BEGIN Data excerpts

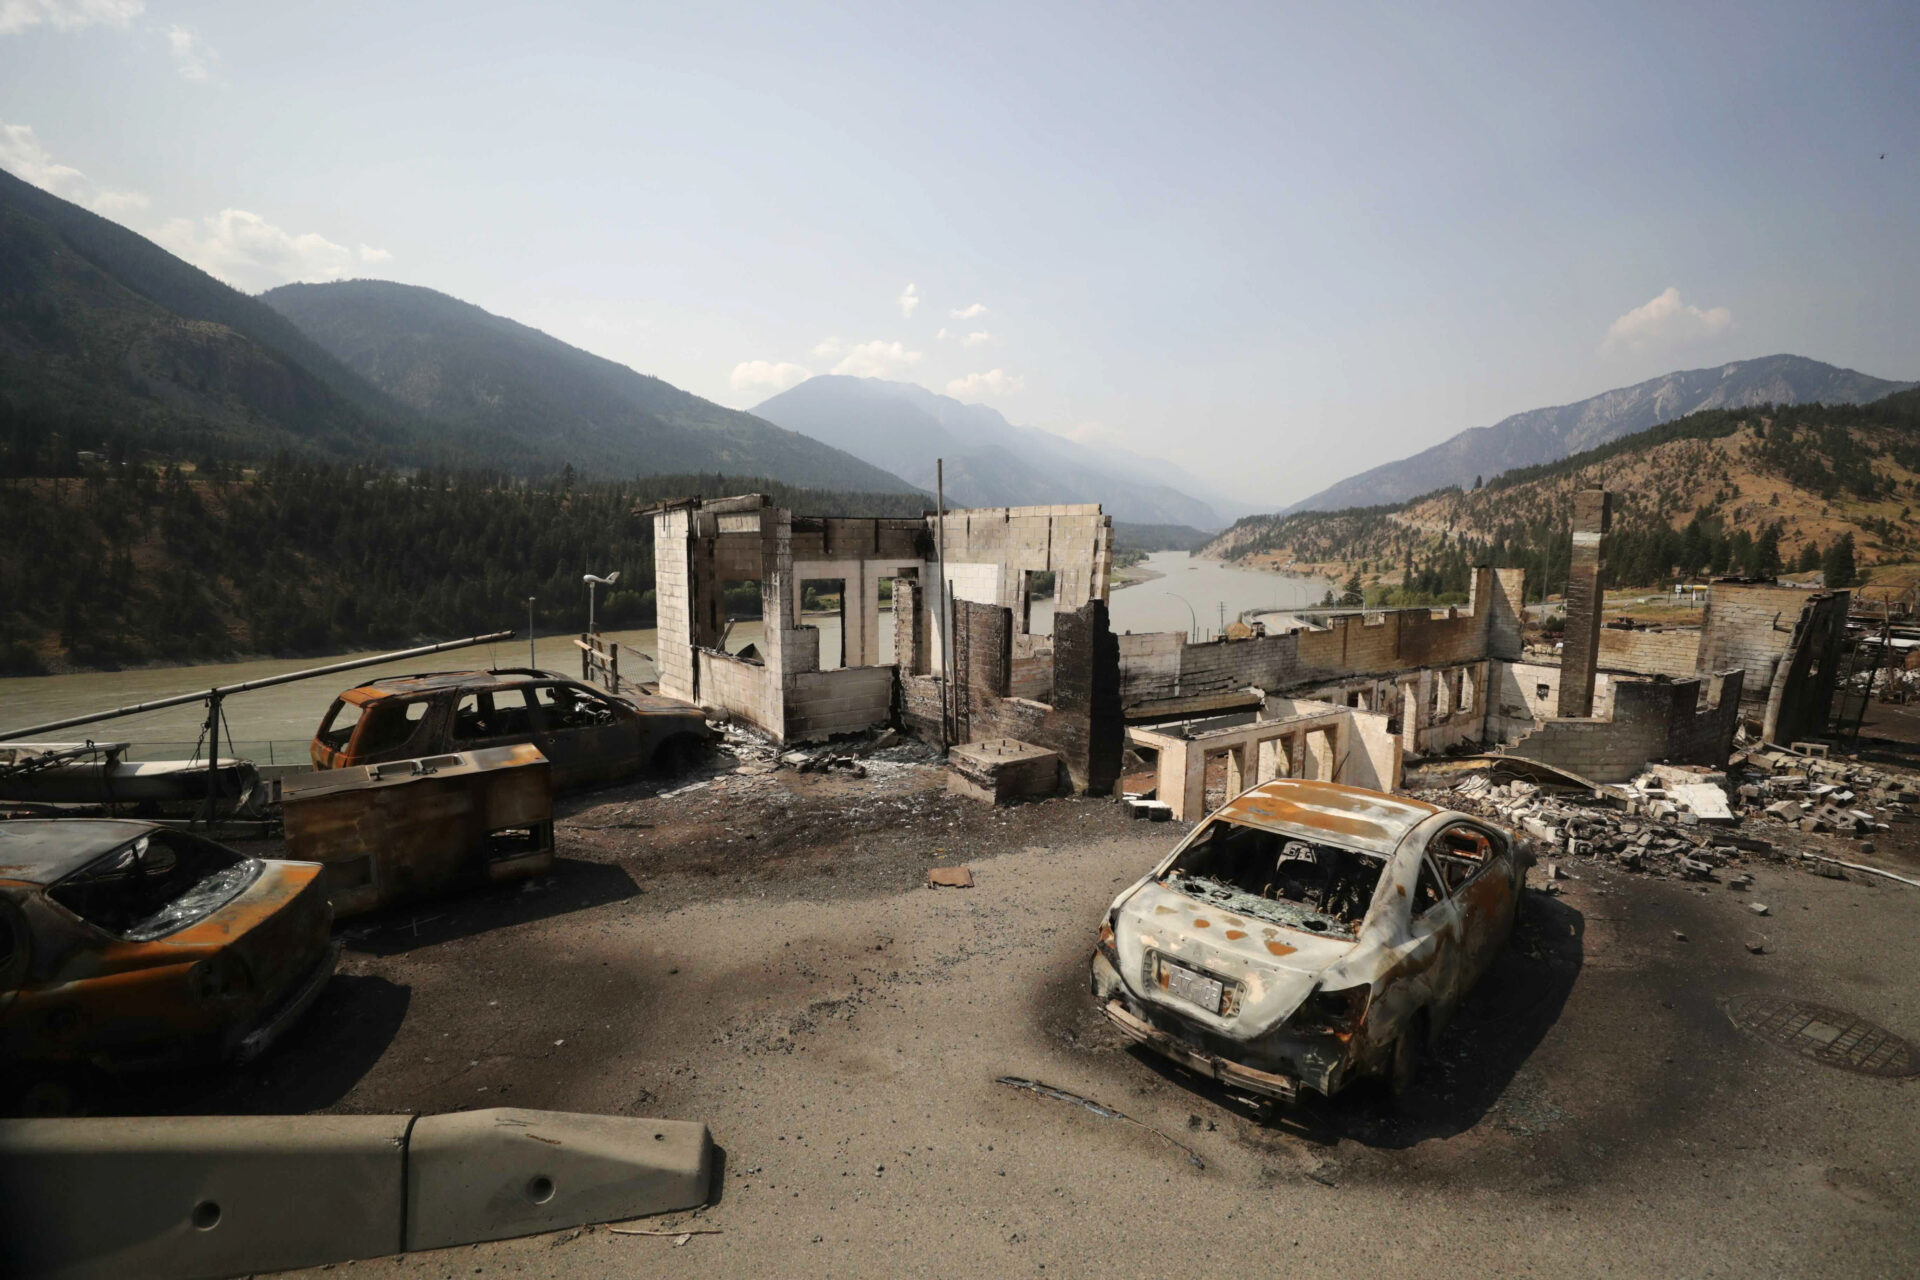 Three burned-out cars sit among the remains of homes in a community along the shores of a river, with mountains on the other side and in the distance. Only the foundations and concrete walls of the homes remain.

END Data excerpts
BEGIN Data excerpts

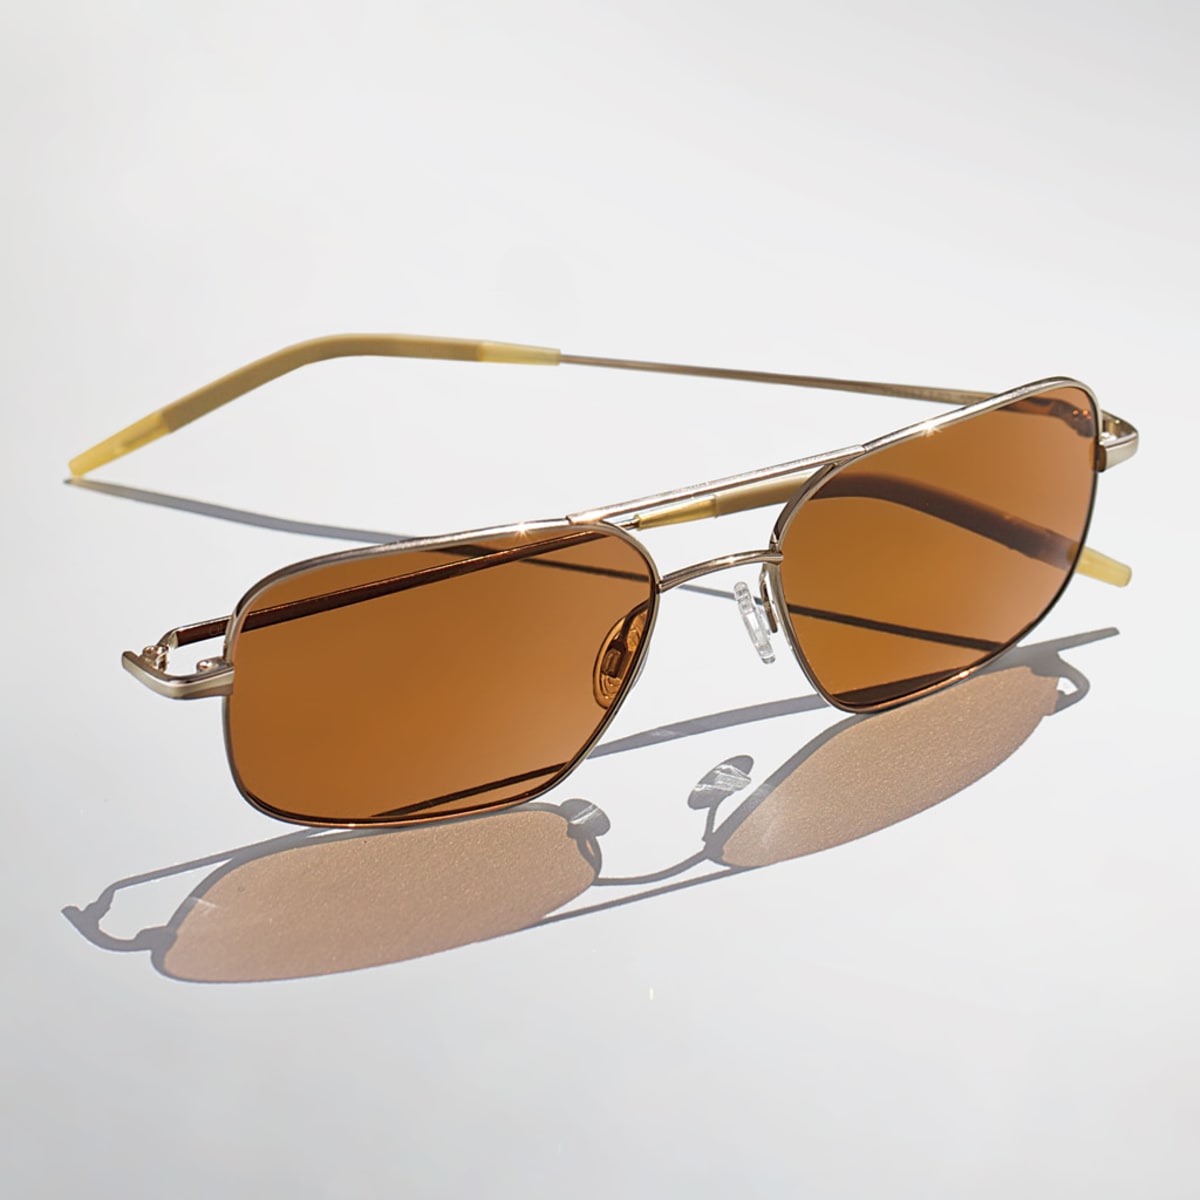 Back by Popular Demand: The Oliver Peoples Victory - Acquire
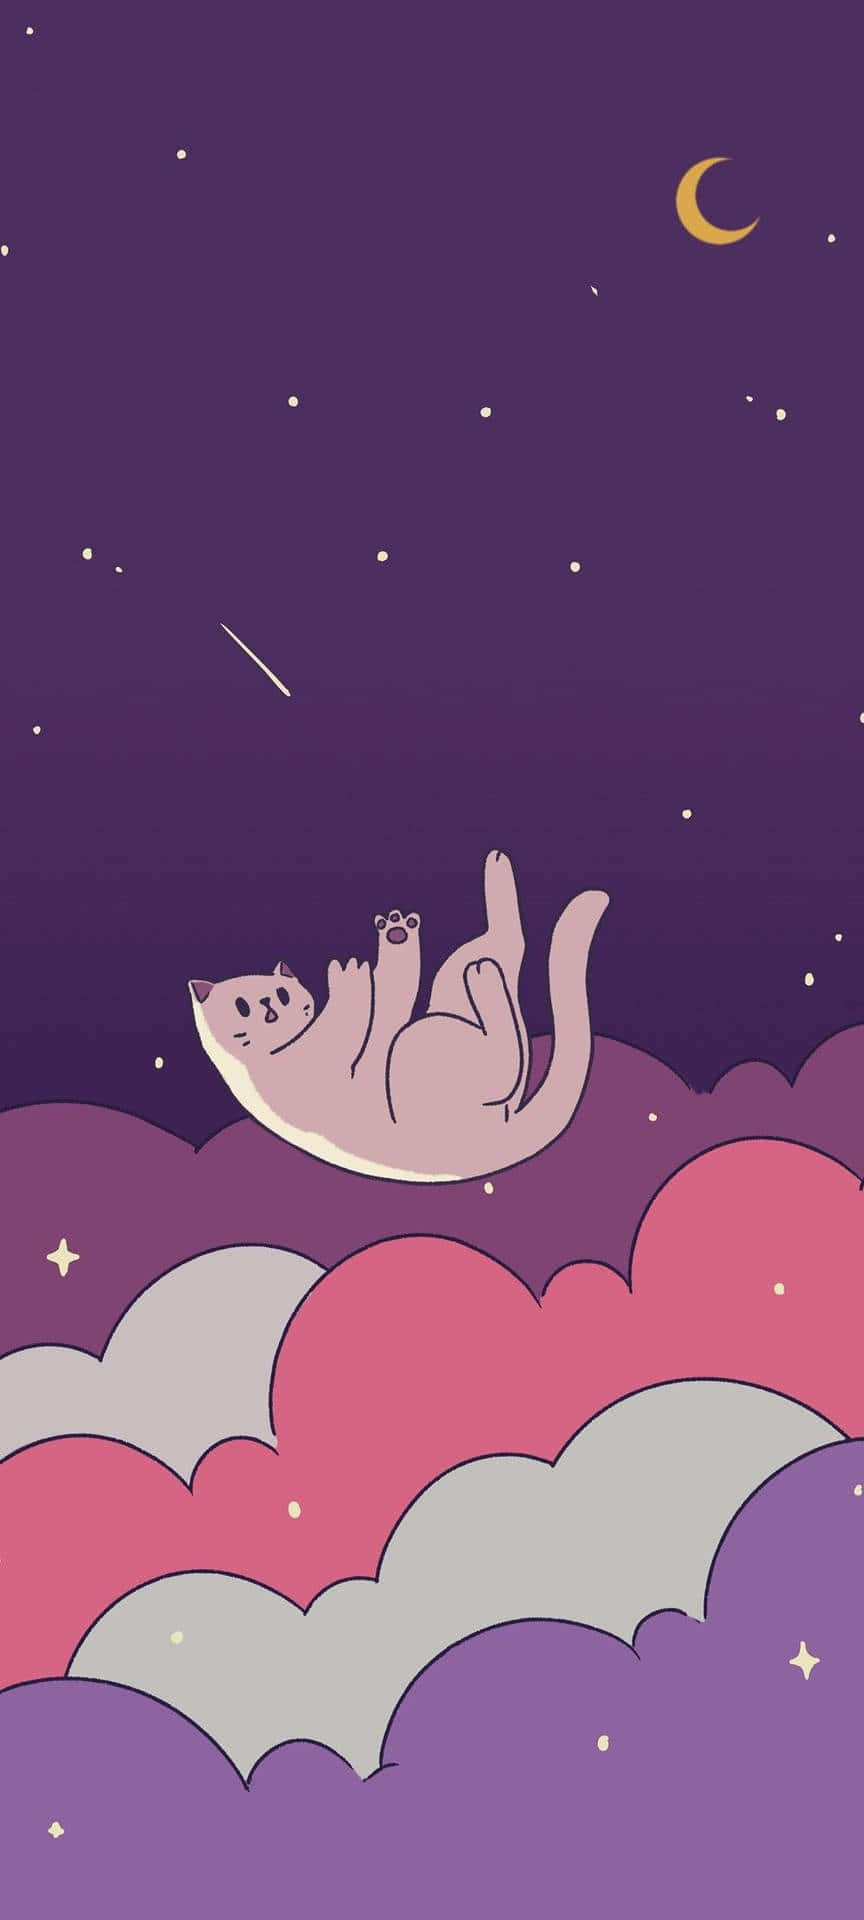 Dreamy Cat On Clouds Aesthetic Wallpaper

END Data excerpts
BEGIN Data excerpts

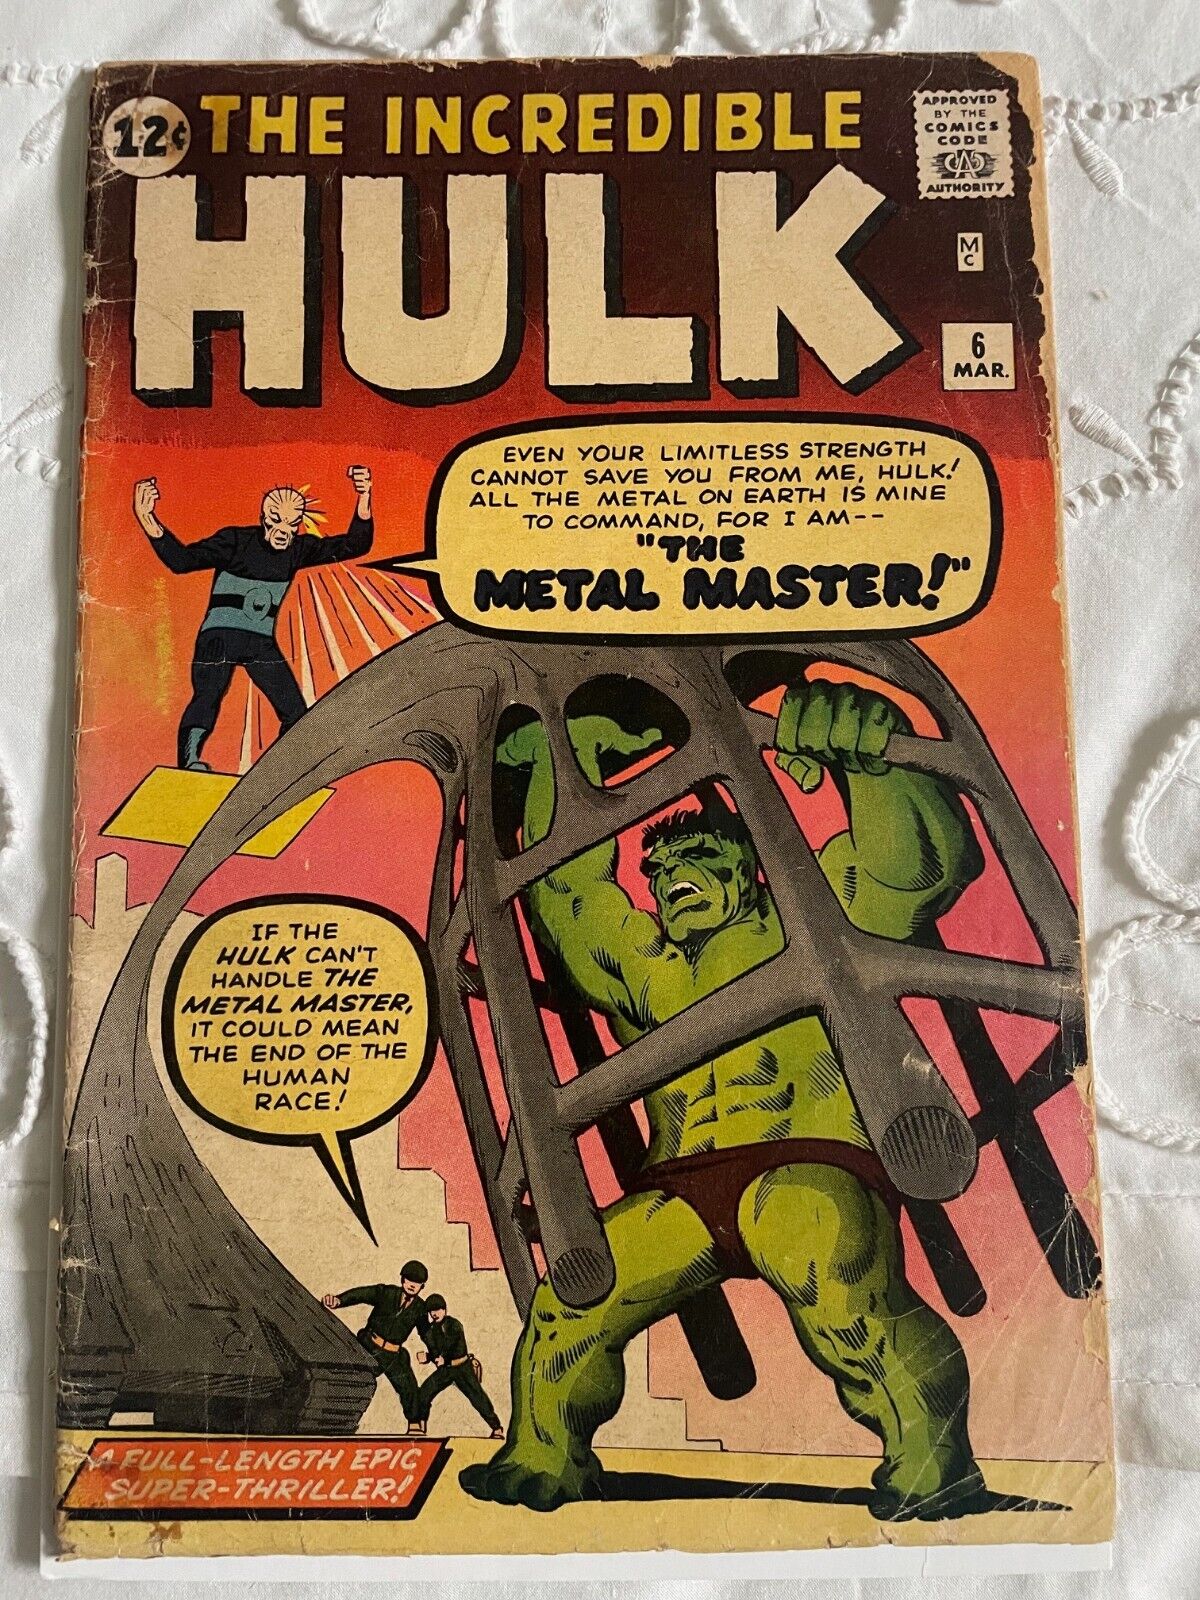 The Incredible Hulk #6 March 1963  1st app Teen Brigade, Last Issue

END Data excerpts

What is needed =>
The material above holds pictures; leave them out. Repeat exactly the lines from the one containing "Back by Popular" through the one containing "Dreamy Cat On Clouds Aesthetic Wallpaper", and nothing else.

Written answer =>
 Back by Popular Demand: The Oliver Peoples Victory - Acquire
 Dreamy Cat On Clouds Aesthetic Wallpaper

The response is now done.